Relative abundance of isotopomers for intracellular fructose and glucose during pulse labeling with [U-¹³C]fructose. (A,C) show the relative abundance of mass isotopomers at all time points for fructose and glucose, respectively. (B,D) represent the relative abundance of mass isotopomers from 0 to 80 min for fructose and glucose, respectively. Intracellular glucose and fructose were extracted, and analyzed as described in the “Materials and Methods” section. Mass relative abundances (in %) were reported as the average ± SD (n = 4 biological replicates). Mass isotopomers m₀, m₃, and m₆ are depicted as blue diamond, red square, and green triangle, respectively.

Figure 4

Relative abundance of isotopomers for ¹³C-fructosyl and ¹³C-glucosyl units from sucrose during the pulse labeling experiment. (A,C,E) represent the relative abundance of mass isotopomers at all time points for sucrose, SUC_Fructosyl, and SUC_Glucosyl, respectively. (B,D,F) depict the relative abundance of mass isotopomers from 0 to 80 min for sucrose, SUC_Fructosyl, and SUC_Glucosyl, respectively.
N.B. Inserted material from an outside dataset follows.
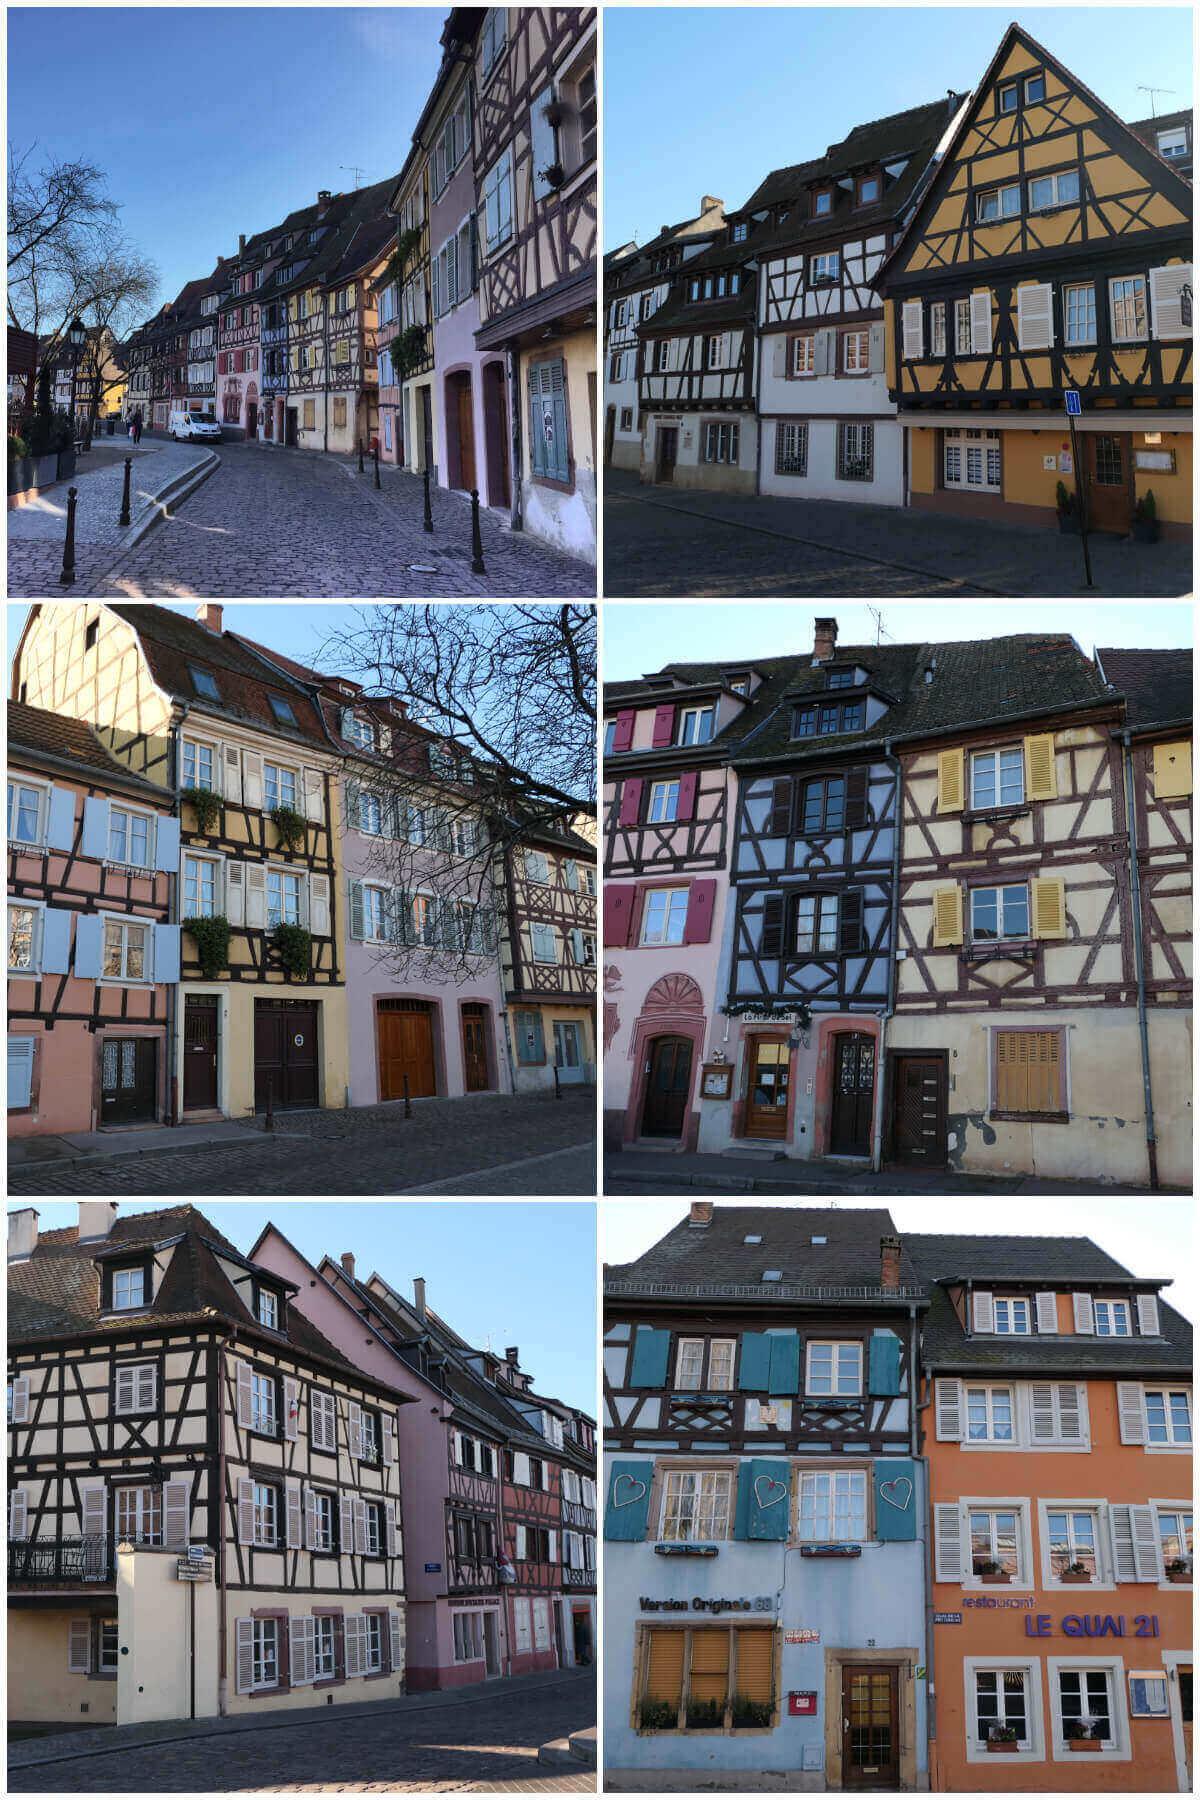 Quai de la Poissonnerie, Colmar, Alsace, France

Sucrose was extracted, cleaved into its fructosyl and glucosyl units, and analyzed as described in the Materials and Methods section. Mass relative abundances (in %) were reported as the average ± SD (n = 4 biological replicates). Mass isotopomers m₀, m₃, m₆, m₉, m₁₂ are shown as blue diamond, red square, green triangle, orange cross, and black circle, respectively. SUC_Fructosyl: Sucrose fructosyl; SUC_Glucosyl: Sucrose glucosyl.